Ford’s Macpherson envisions future drivers of two-strokes watching for a warning light on the dashboard, and maybe every 5,000 miles having to buy an oil cartridge at a gas station and insert it into the engine.

However, Chrysler says it does not want its customers to be scared off by noticing anything different in a two-stroke engine, including not having to change the oil and filter. So Chrysler engineers have mounted a supercharger, or external air blower, on their two-stroke engine to route air around the crankcase, enabling them to use a conventional oil pump, which means regular oil changes. Roger Schaum, executive engineer at Chrysler, said he hopes that this blower will squeeze out extra power, but with a quieter engine.

Advertisement

At auto shows in the past year GM and Chrysler have showed off their two-stroke concept cars--essentially fantasy models their engineers would design if they had total freedom. Chrysler’s Dodge Neon grabbed plenty of attention because of its futuristic, short, slope-angled hood, light weight and, thanks to a compact engine, 20% more interior space than a conventional car of the same exterior length. “There is definitely a market for something like that,” Csere said.

Before a car company gives the green light for mass production of two-stroke engines their engineers must be certain the motor will perform reliably. For one thing, if car designers build aerodynamic cars specifically around smaller two-stroke engines--as Chrysler hopes to--should it not catch on, car makers will not be able to plug in a four-stroke engine as a substitute because the sleek, compact cars won’t have enough room to hold them. There’s also the task of satisfying the tough new emission standards. “It doesn’t seem prudent to spend several hundred million dollars to bring a new engine out if you don’t know whether you can sell it in 2001,” GM’s Heimbuch said.

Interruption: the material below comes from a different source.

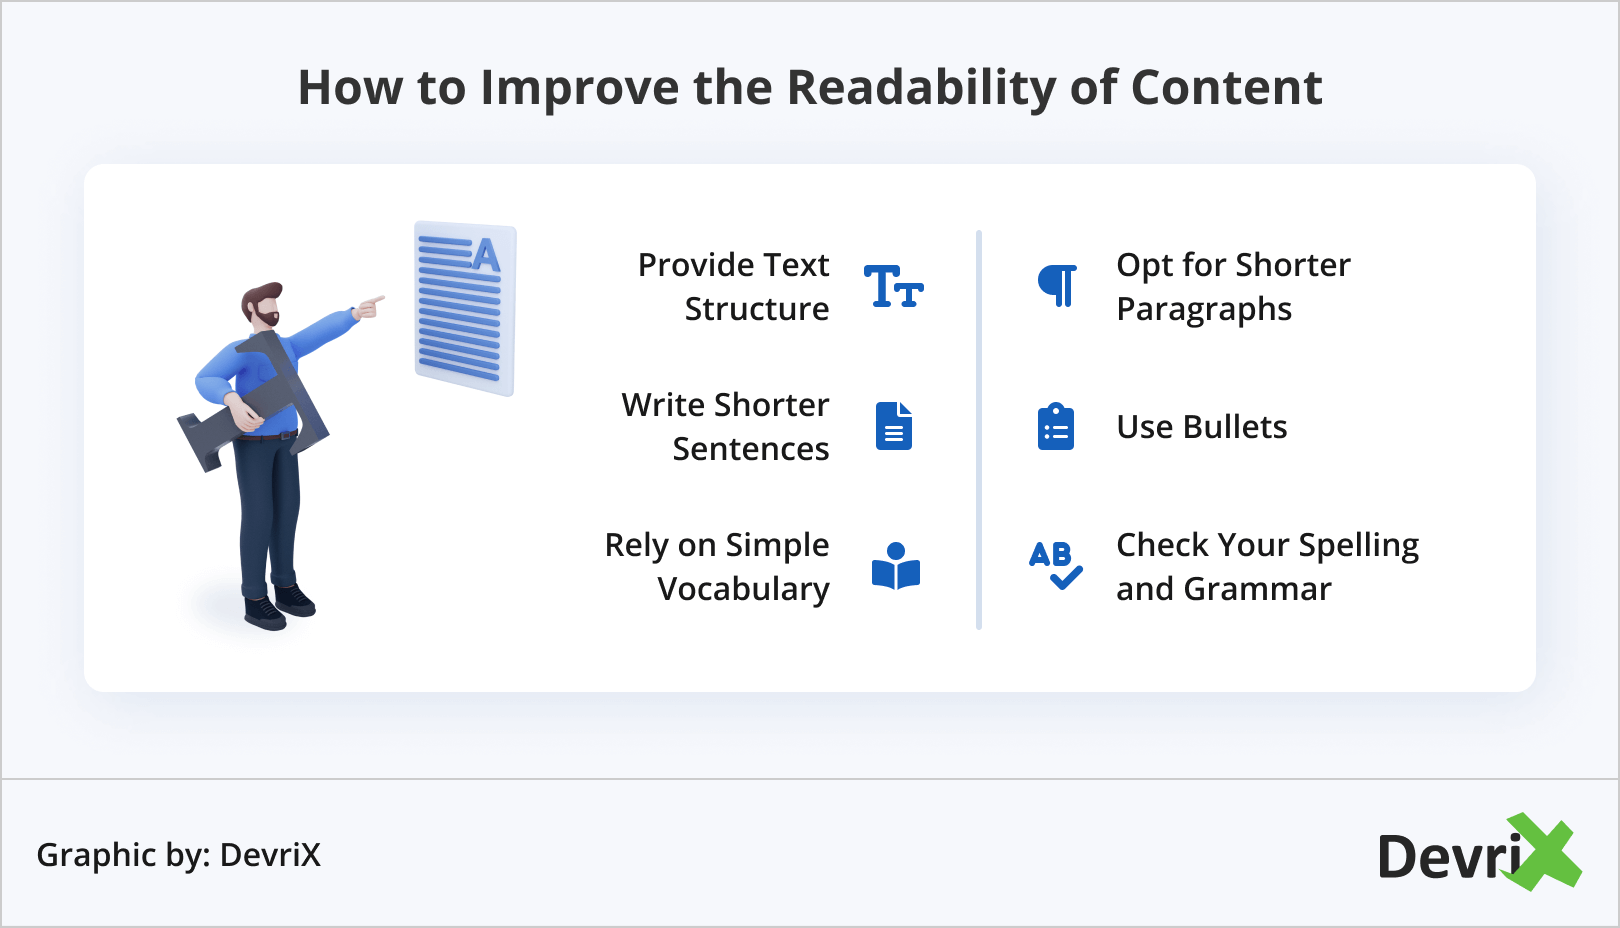 How to Improve the Readability of Content

Now, the EPA requires new car engines to pass a 50,000-mile durability test that repeatedly checks to see if it meets emission limits. That test jumps to 100,000 miles for the 1994 model year, and some states, such as California, have their own stringent pollution standards set to become law. If two-strokes do not pass emission limits, Csere said, “they are out of business.”

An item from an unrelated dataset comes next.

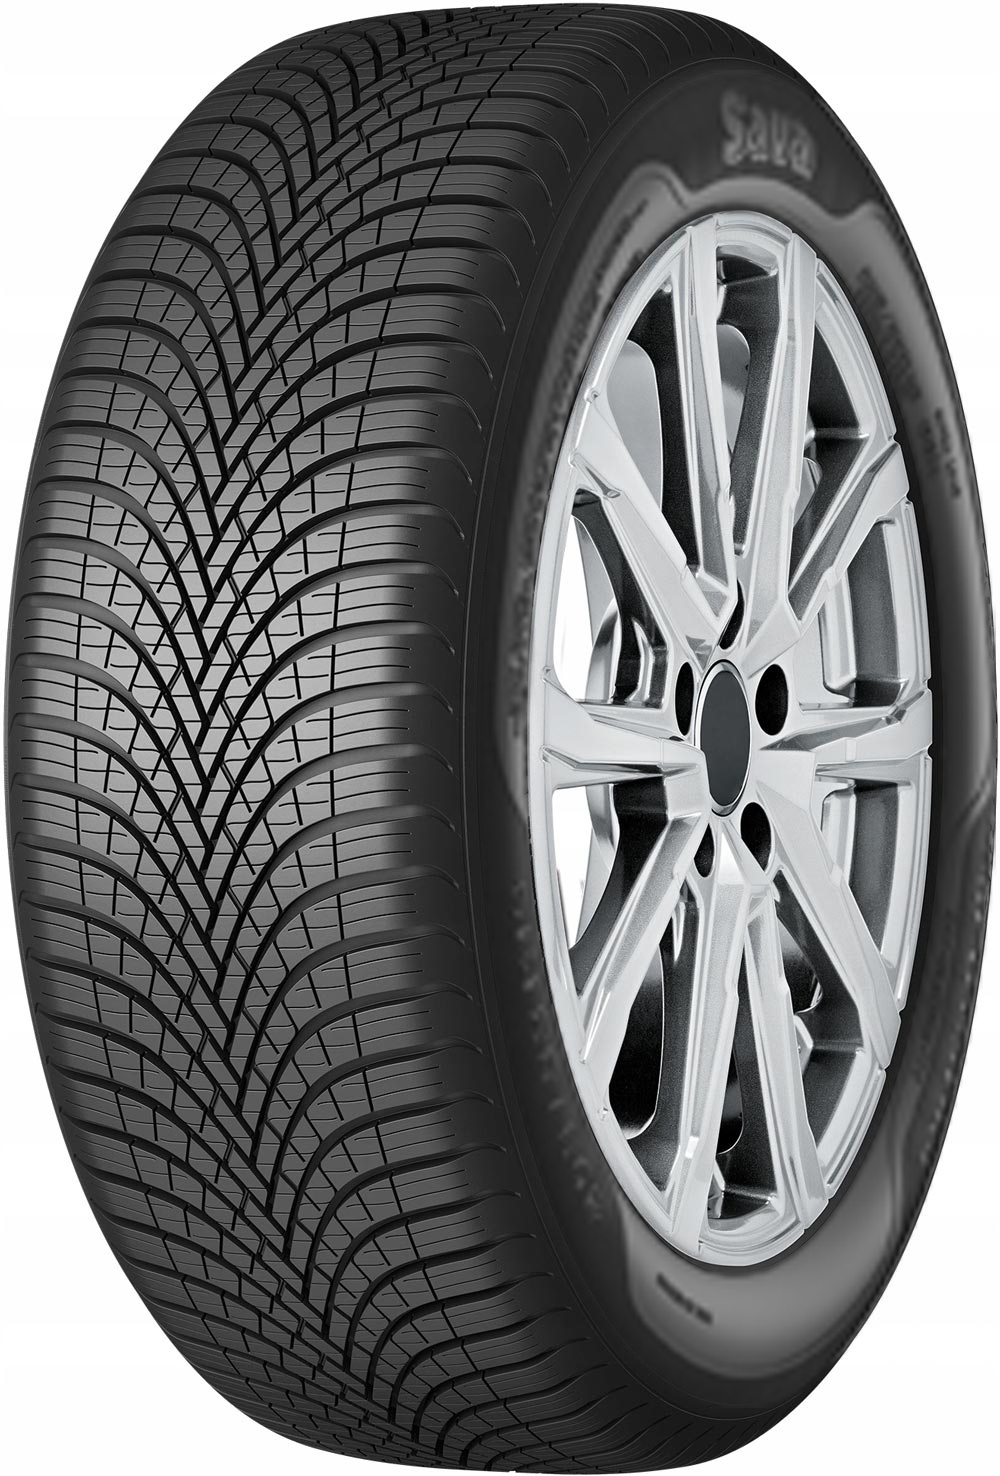 Anvelope auto SAVA ALL WEATHER XL 215/55 R17 98V

At the moment, GM’s engineers are concerned because the two-stroke prototypes do not meet future emission limits for nitrogen oxide, a key auto pollutant. Relying on compressed air, Sarich’s two-stroke design has an unusually rich oxygen mix in the engine, which also means that current catalytic converters can’t remove enough nitrogen oxide gas to meet pollution limits.

Even Chrysler’s slightly different engine design has yet to solve this emission problem. But a possible solution, said Chrysler’s Schaum, is a new molecular sieve design that separates molecules so the gas turns into harmless water vapor. That sieve has yet to be tested on a two-stroke, but Schaum remains upbeat.

At Ford, Macpherson said, the next step is to put two-strokes into 20 cars or more and see how the engines do over several months of hard driving. “If we find one that’s still running at 50,000 miles, we’ll say ‘thank goodness, let’s keep going.’ ”

Advertisement

The New and the Old

Gasoline and oil-burning two-stroke engines were considered too noisy, fuel inefficient and polluting for use in automobiles. But recent innovations make these simpler engines potentially more attractive to auto makers. Here is a comparison of a two-stroke engine with the conventional four-stroke engine.

Two-Stroke Engine

1. Downward Power Stroke: The spark plug fires, forcing down the piston. Ports in the cylinder wall are uncovered, allowing burned gases out and fresh air in. The piston also uncovers a transfer port, and forces air from; the crankcase into the combustion chamber.

2. Upward Compression Stroke: The piston rises, closing off the transfer and exhaust ports, while compressing the air and fuel mixture to ready it for the next spark plug firing.

Four-Stroke Engine

1. Intake stroke: Downward-moving piston draws fuel-air mixture into cylinder through open intake valve.

2. Compression stroke: Intake valve closes and upward-moving piston compresses mixture.

3. Power stroke: Mixture is ignited by spark plug, driving the piston downward, providing power.

4. Exhaust stroke: Exhaust valve opens, allowing burned gases to escape as the piston moves upward.